Attentional Heterogeneous Graph Neural Network: Application to Program Reidentification

Program or process is an integral part of almost every IT/OT system. Can we trust the identity/ID (e.g., executable name) of the program? To avoid detection, malware may disguise itself using the ID of a legitimate program, and a system tool (e.g., PowerShell) used by the attackers may have the fake ID of another common software, which is less sensitive. However, existing intrusion detection techniques often overlook this critical program reidentification problem (i.e., checking the program’s identity). In this paper, we propose an attentional heterogeneous graph neural network model (DeepHGNN) to verify the program’s identity based on its system behaviors. The key idea is to leverage the representation learning of the heterogeneous program behavior graph to guide the reidentification process. We formulate the program reidentification as a graph classification problem and develop an effective attentional heterogeneous graph embedding algorithm to solve it. Extensive experiments — using real-world enterprise monitoring data and real attacks — demonstrate the effectiveness of DeepHGNN across multiple popular metrics and the robustness to the normal dynamic changes like program version upgrades.

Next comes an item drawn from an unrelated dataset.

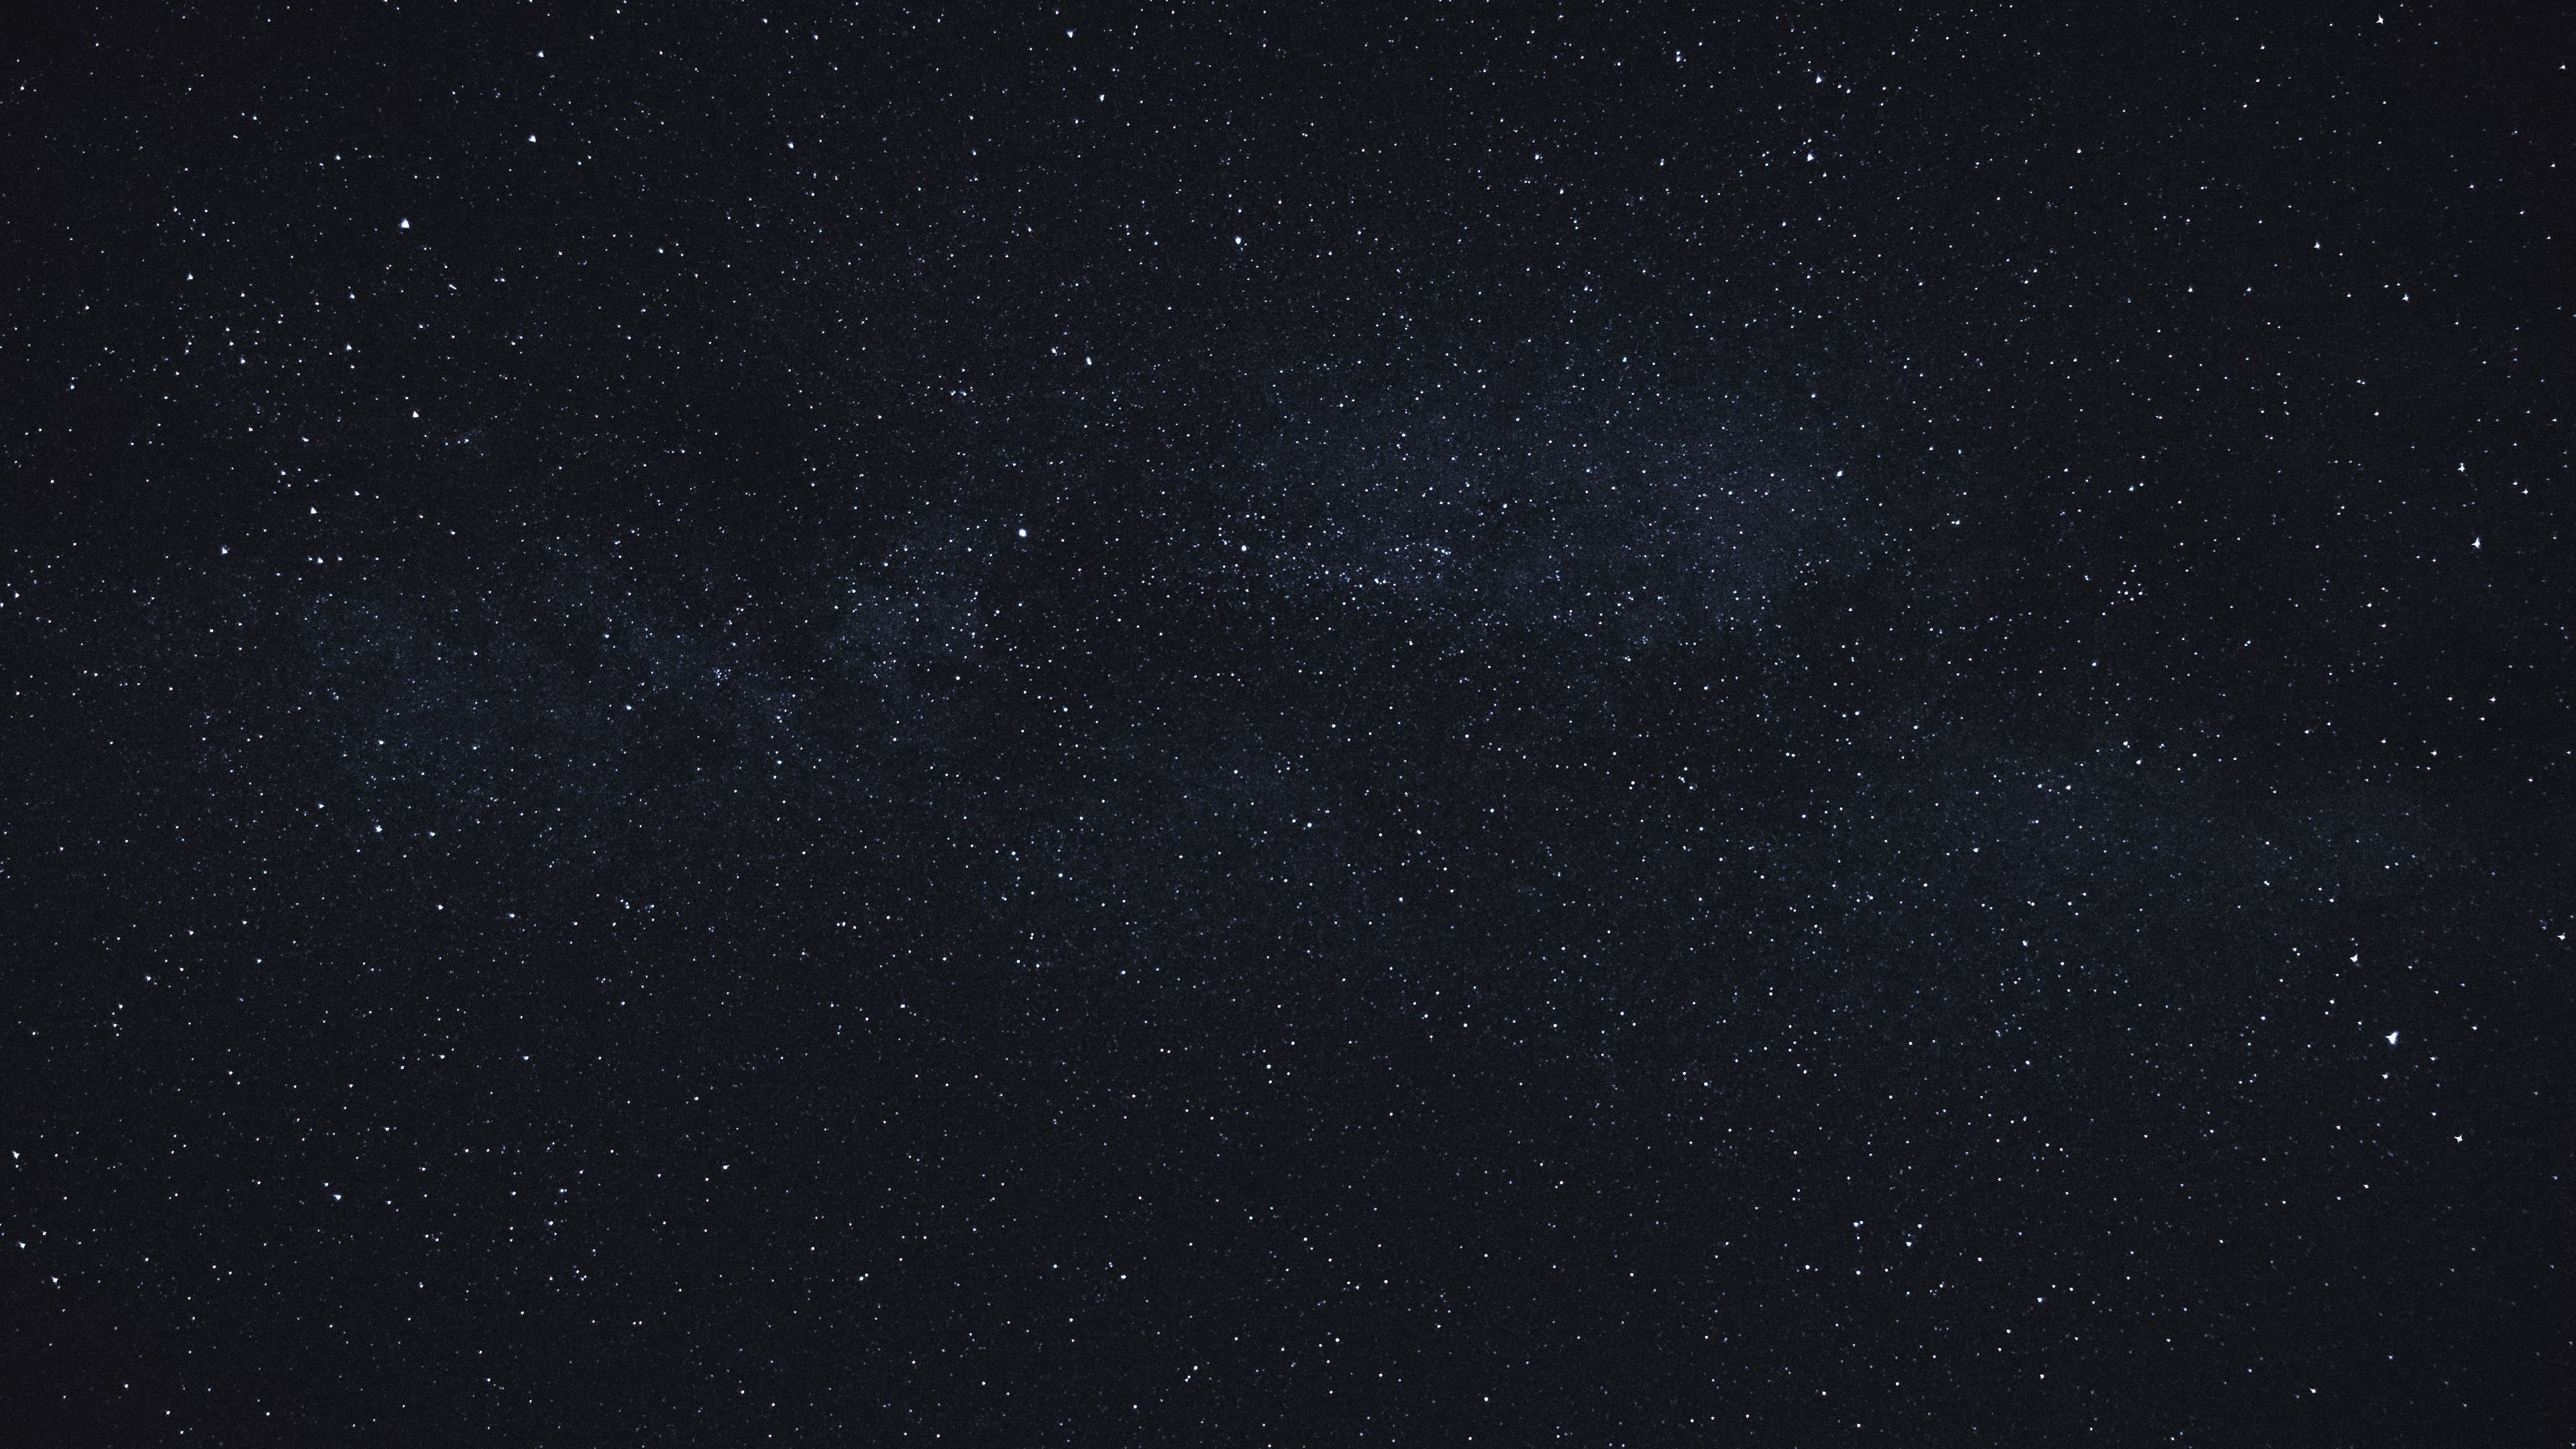 Dark Milky Way Galaxy 4k Stars Wallpapers Nature Wallpapers Milky Way Wallpapers Hd Wallpapers Galaxy Wall Milky Way Galaxy Star Wallpaper Galaxy Wallpaper

Countering Malicious Processes with Process-DNS Association

Modern malware and cyber attacks depend heavily on DNS services to make their campaigns reliable and difficult to track. Monitoring network DNS activities and blocking suspicious domains have been proven an effective technique in countering such attacks. However, recent successful campaigns reveal that at- tackers adapt by using seemingly benign domains and public web storage services to hide malicious activity. Also, the recent support for encrypted DNS queries provides attacker easier means to hide malicious traffic from network-based DNS monitoring.We propose PDNS, an end-point DNS monitoring system based on DNS sensor deployed at each host in a network, along with a centralized backend analysis server. To detect such attacks, PDNS expands the monitored DNS activity context and examines process context which triggered that activity. Specifically, each deployed PDNS sensor matches domain name and the IP address related to the DNS query with process ID, binary signature, loaded DLLs, and code signing information of the program that initiated it. We evaluate PDNS on a DNS activity dataset collected from 126 enterprise hosts and with data from multiple malware sources. Using ML Classifiers including DNN, our results outperform most previous works with high detection accuracy: a true positive rate at 98.55% and a low false positive rate at 0.03%.